Events
WWS panel to address "Born in the Zocalo: Art and Protest in Oaxaca, Mexico," February 09
“Born in the Zocalo: Art and Protest in Oaxaca, Mexico” will be the topic of a panel discussion at 4:30 p.m. in Bowl 016, at the Woodrow Wilson School on Thursday, February 9, 2012. The discussion is being held in conjunction with the art exhibit titled, “ASARO: Art and Activism in Oaxaca, Mexico,” featured in the Bernstein Gallery in the lower level of Robertson Hall. A public reception will be held in the gallery following the talk.

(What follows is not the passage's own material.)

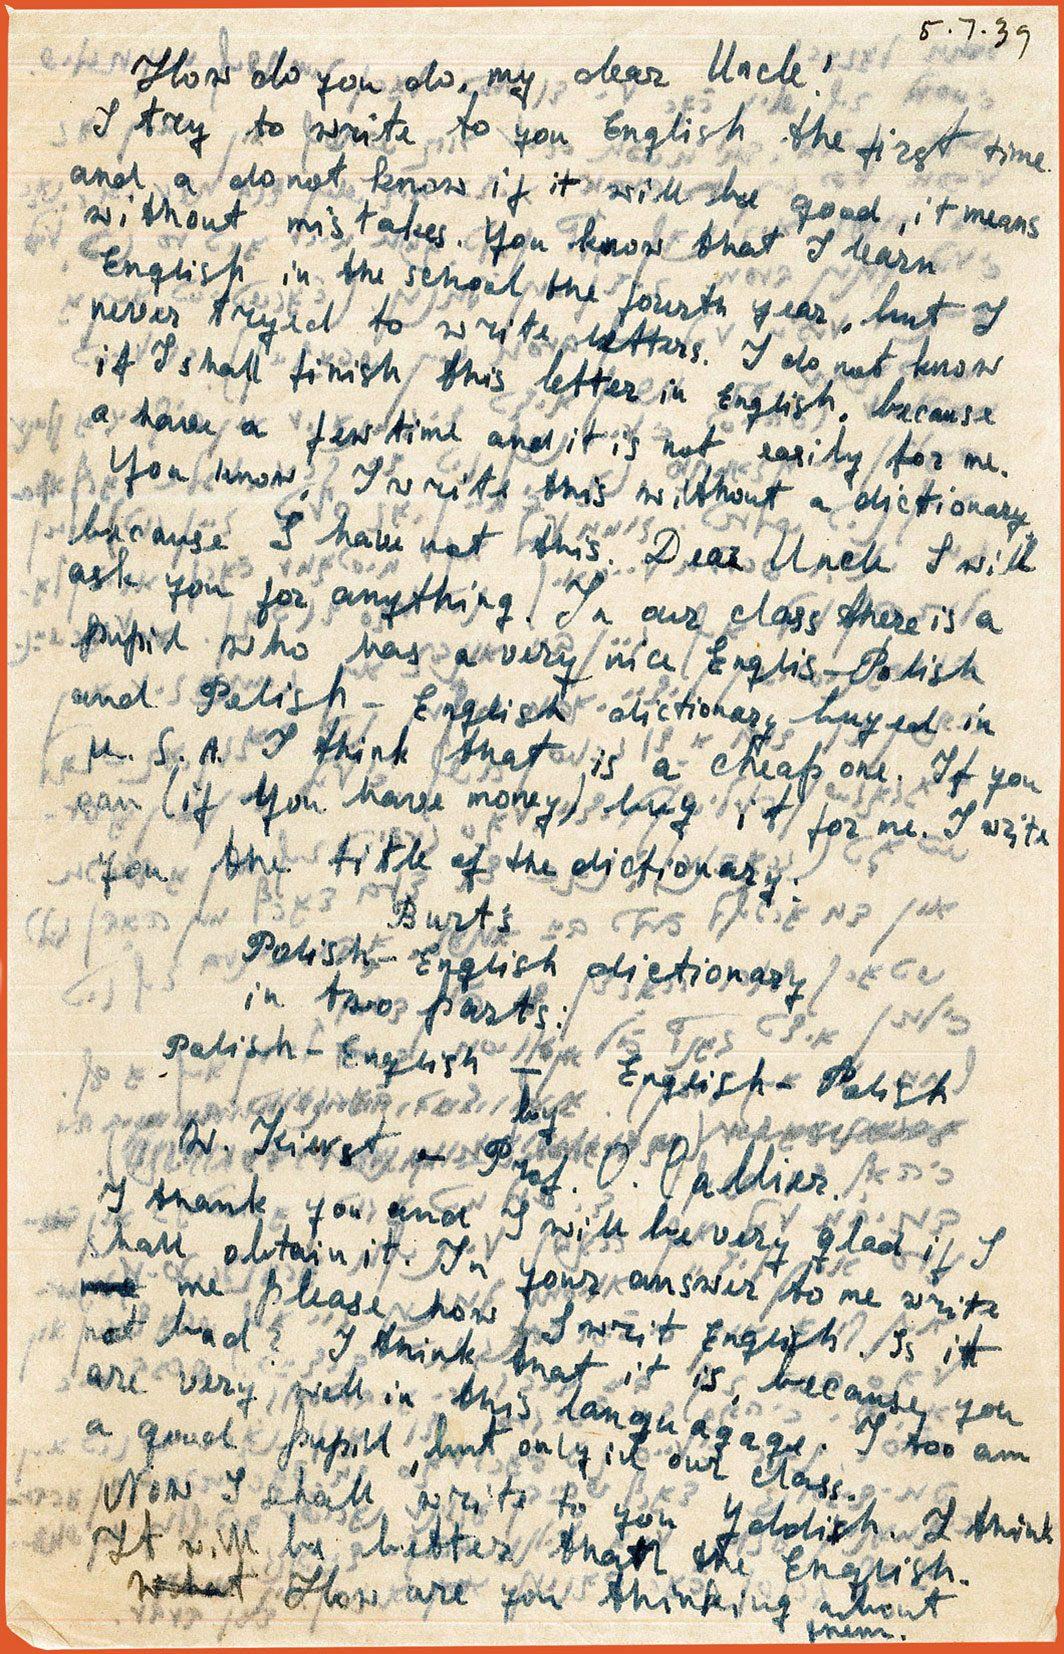 English half of letter from Beba

The exhibit features protest prints from a collective of Mexican artists during the 2006 anti-government uprising in Oaxaca, a state located in southwestern Mexico. A conflict emerged in May of 2006 with federal police attacking non-violent protesters involved in a strike by the local teachers’ trade union. The uprising has resulted in the creation of ASARO – the Assembly of Revolutionary Artists of Oaxaca, founded to support the APPO (Popular Assembly of the Peoples of Oaxaca) movement.

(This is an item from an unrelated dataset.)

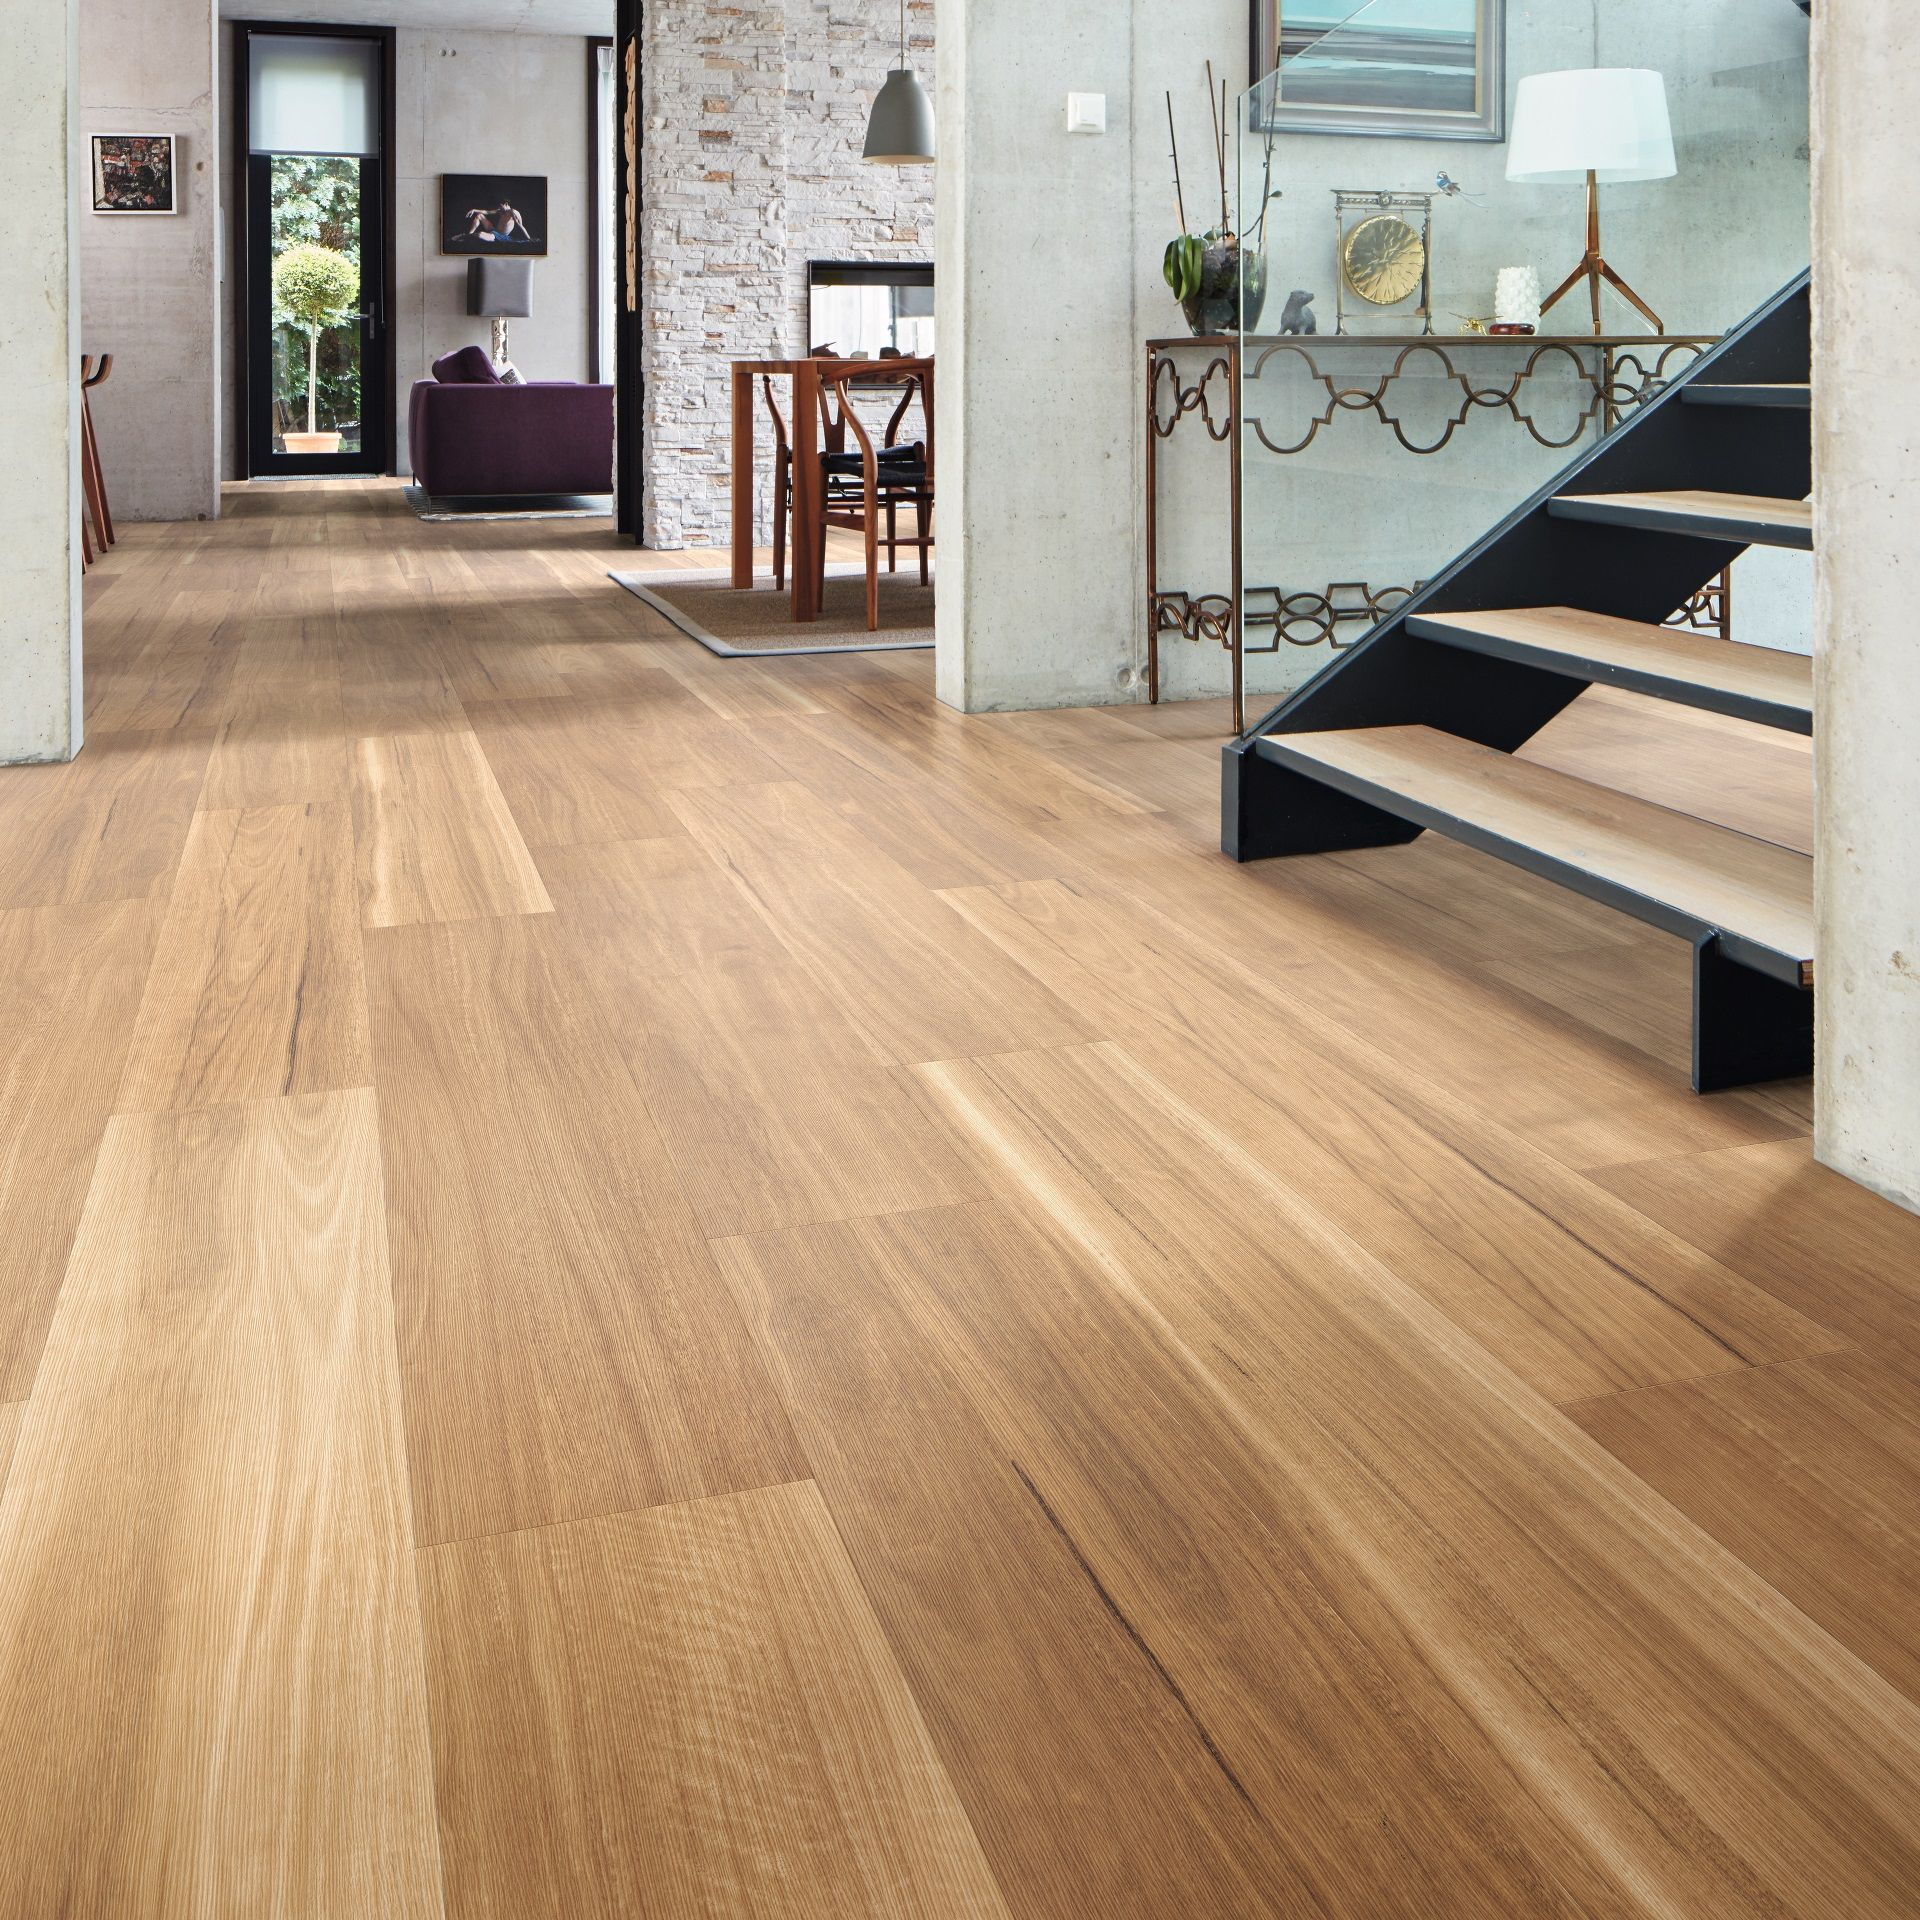 Karndean LooseLay Longboard Vinyl Flooring Collection

The discussion will feature Douglas Massey, the Henry G. Bryant Professor of Sociology and Public Affairs, and Kevin McCloskey, professor of communication design, Kutztown University of Pennsylvania. Stanley Katz, professor of public and international affairs and director of the Center for Arts and Cultural Policy Studies at the Woodrow Wilson School, will serve as moderator for the event.
The event is sponsored by the Woodrow Wilson School of Public and International Affairs, with special thanks to Karin Trainer and the Princeton University Library for the loan of artwork.